### RAW DATA
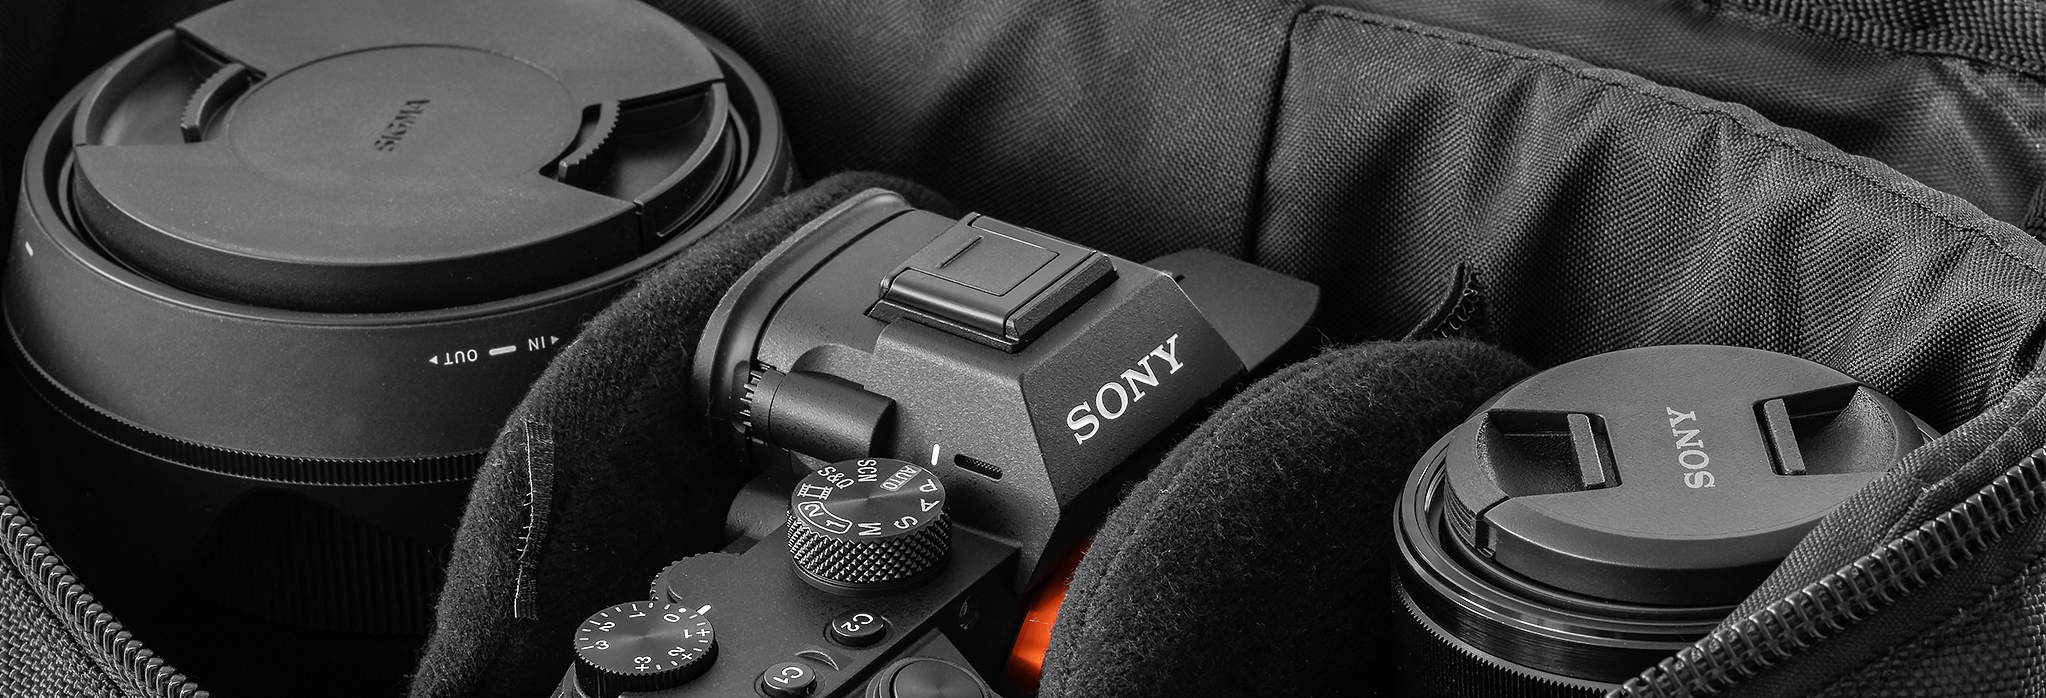 Sony-Kamera
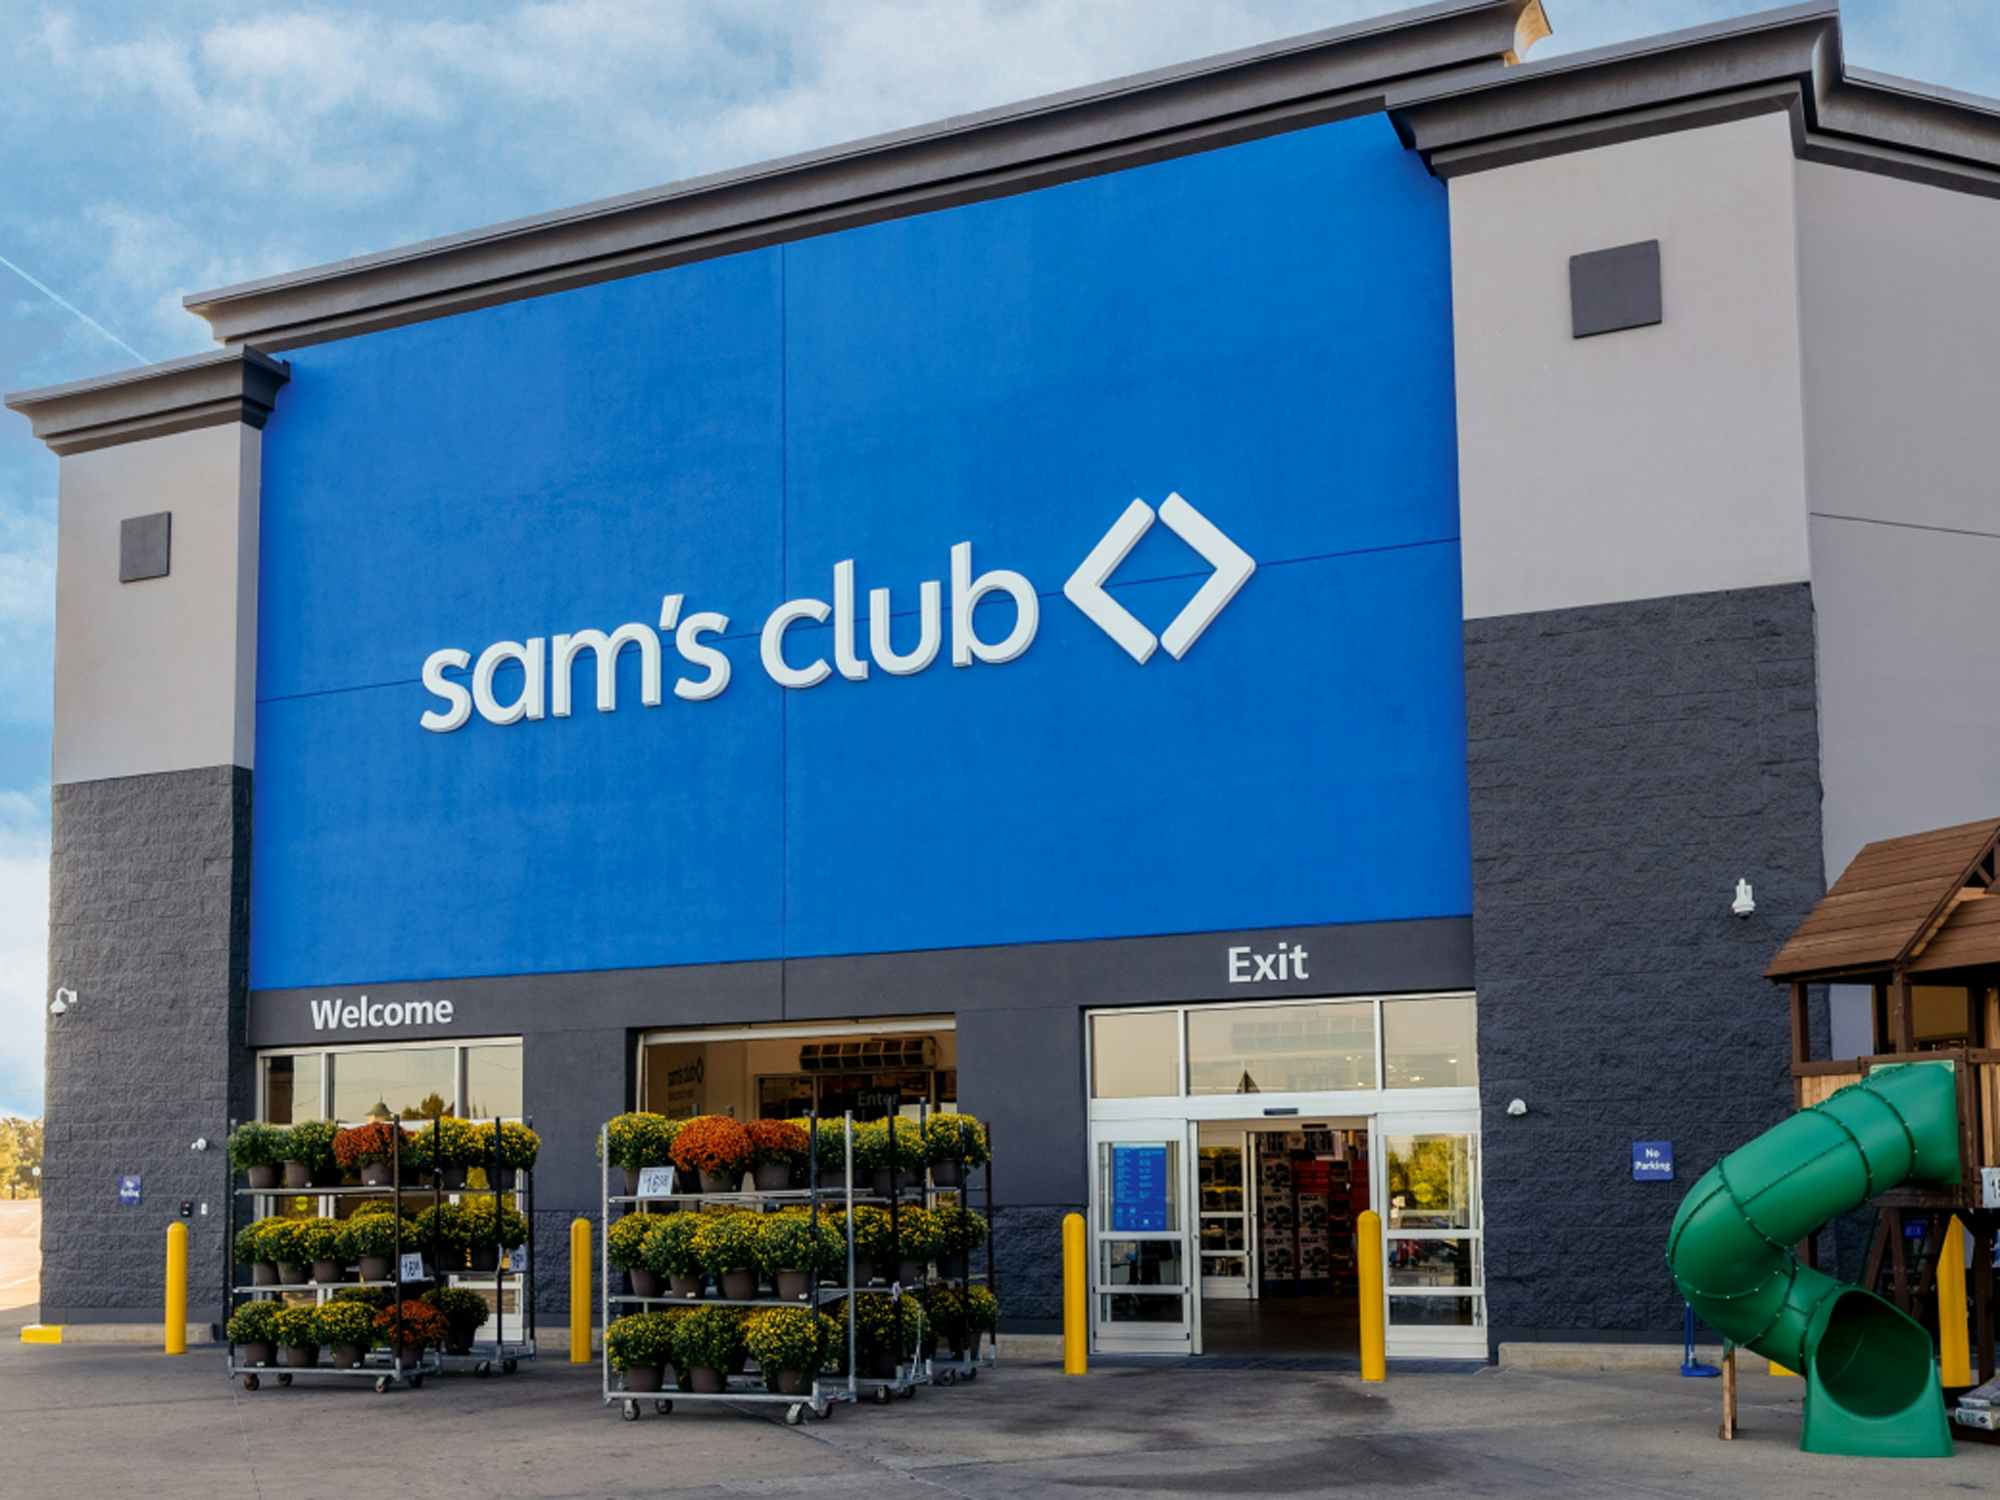 The exterior of a Sam's Club store
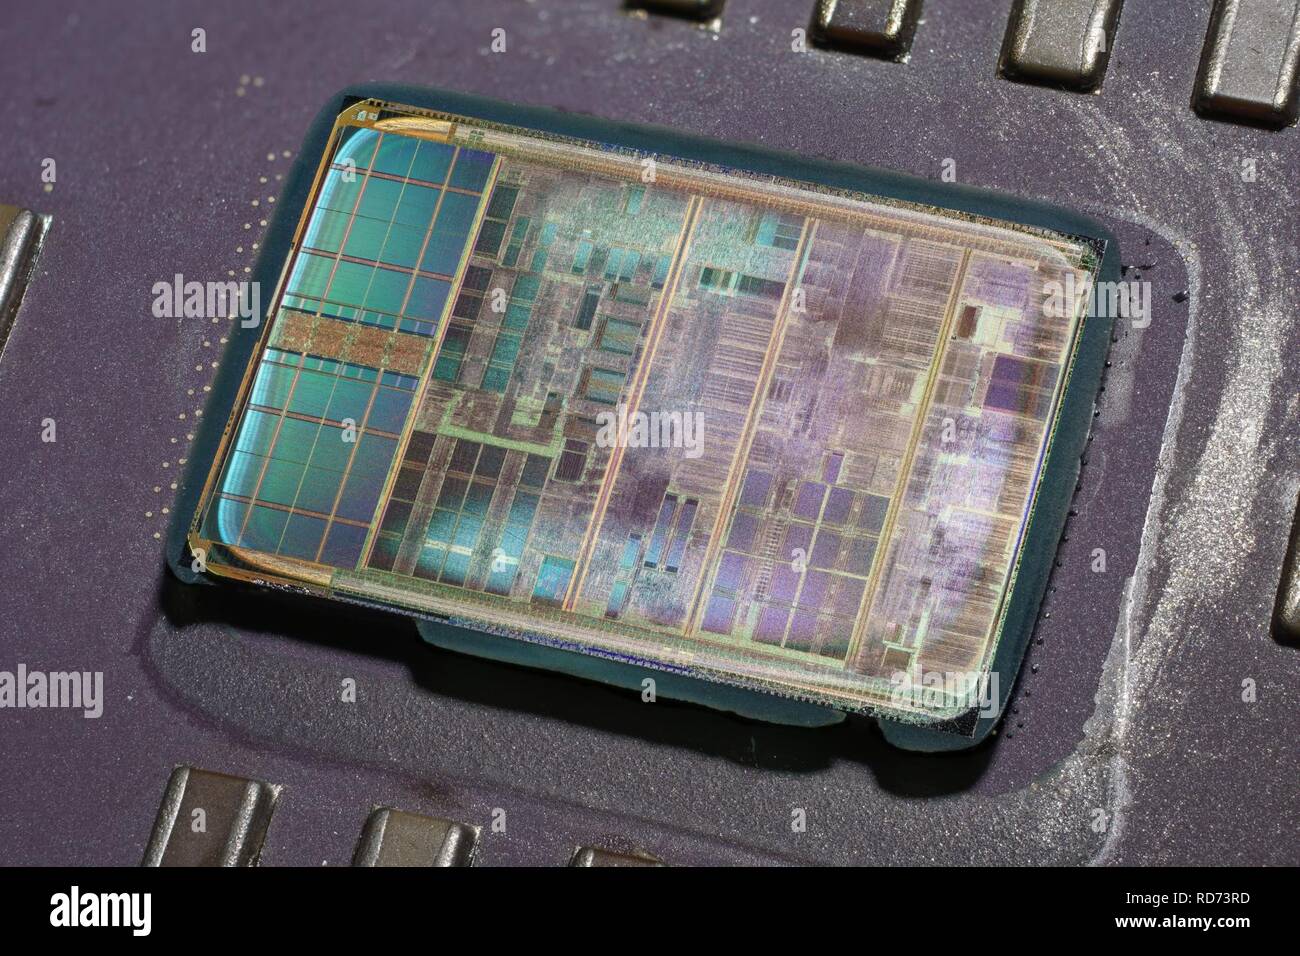 AMD Athlon K7 Thunderbird A0900AMT3B AFFA 0031RPBW Stack- Stock Photo

### TASK PROMPT
Print verbatim every line above, apart from the pictures.

### ANSWER SECTION
 Sony-Kamera
 The exterior of a Sam's Club store
 AMD Athlon K7 Thunderbird A0900AMT3B AFFA 0031RPBW Stack- Stock Photo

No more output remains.